::: MATERIALS PROVIDED :::
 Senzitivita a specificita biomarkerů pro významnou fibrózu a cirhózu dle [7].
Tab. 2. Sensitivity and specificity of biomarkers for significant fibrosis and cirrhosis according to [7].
:::
::: MATERIALS PROVIDED :::
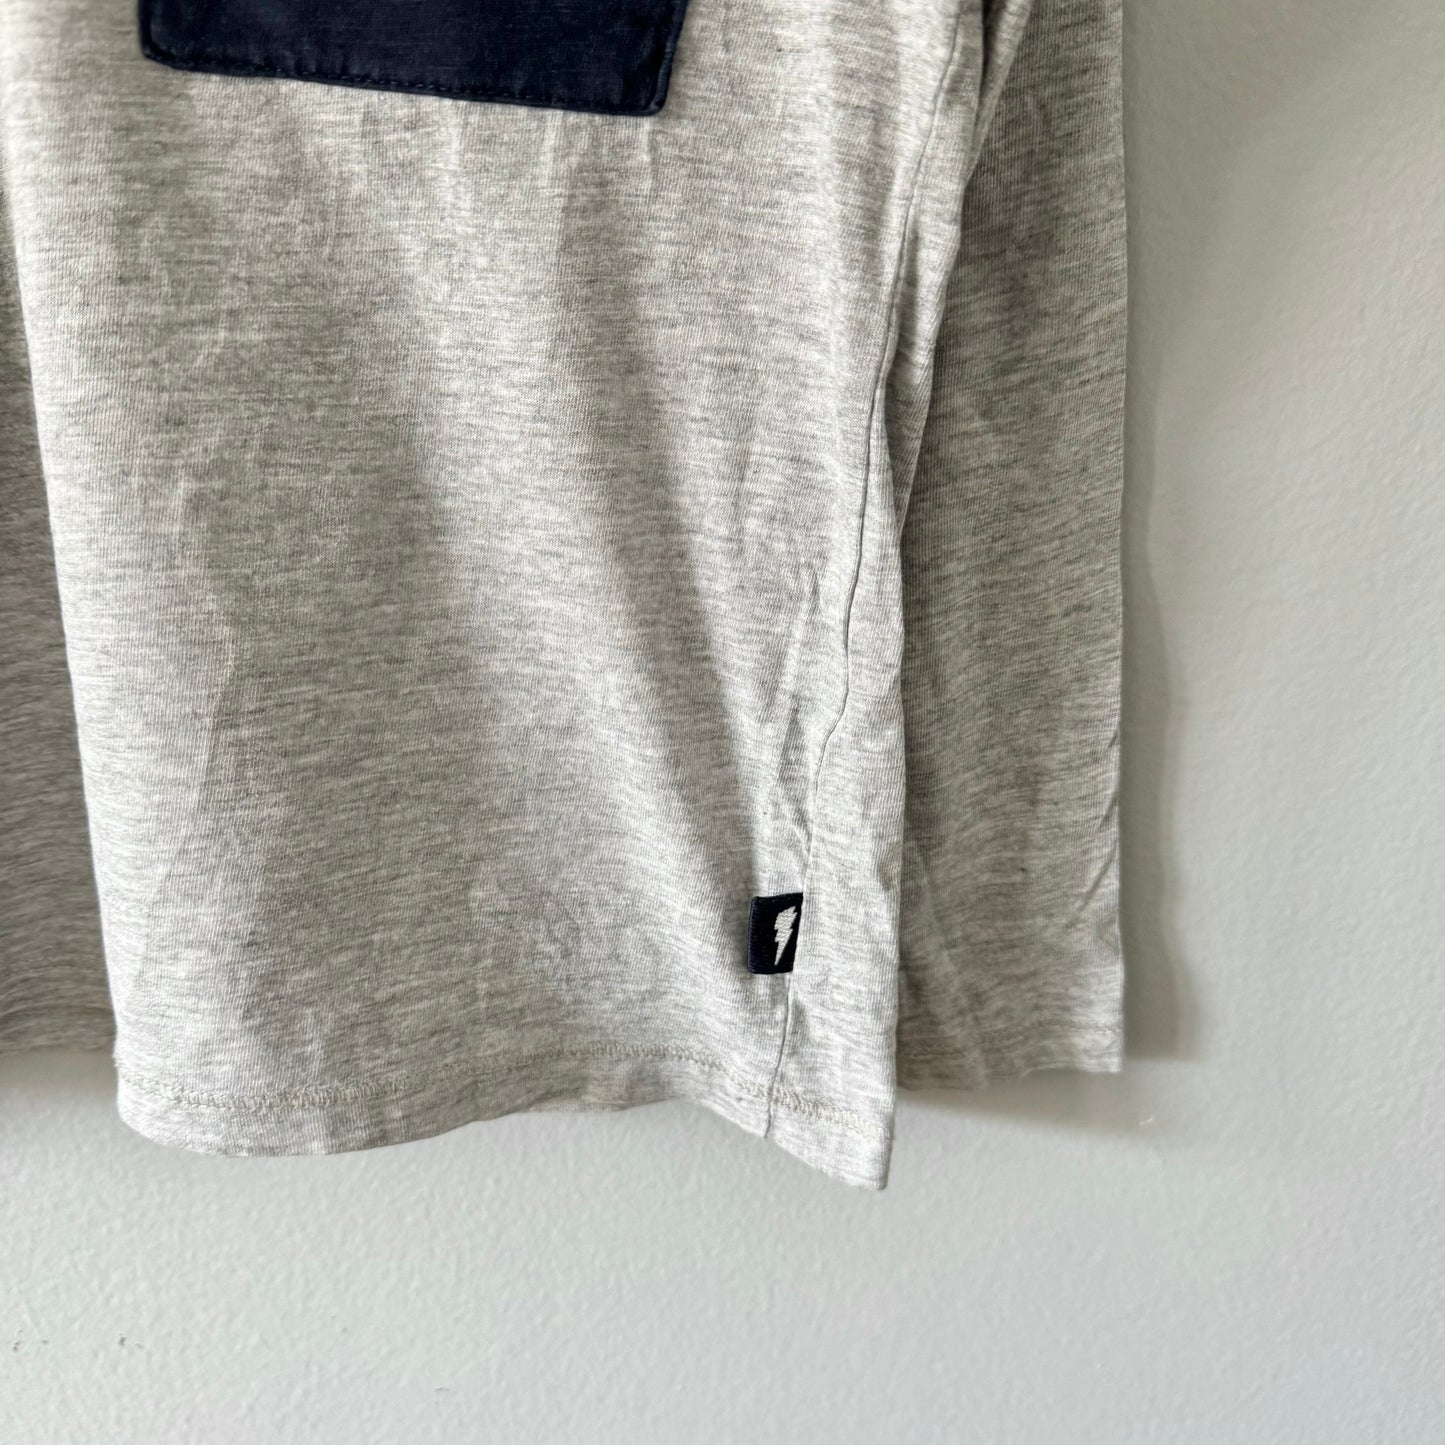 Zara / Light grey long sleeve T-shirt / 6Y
:::
INSTRUCTIONS TO FOLLOW:
Reproduce the entries above exactly, but only the lines between the line holding "Senzitivita a specificita" and the line holding "Tab. 2. Sensitivity", inclusive.

TASK SOLUTION:
 Senzitivita a specificita biomarkerů pro významnou fibrózu a cirhózu dle [7].
Tab. 2. Sensitivity and specificity of biomarkers for significant fibrosis and cirrhosis according to [7].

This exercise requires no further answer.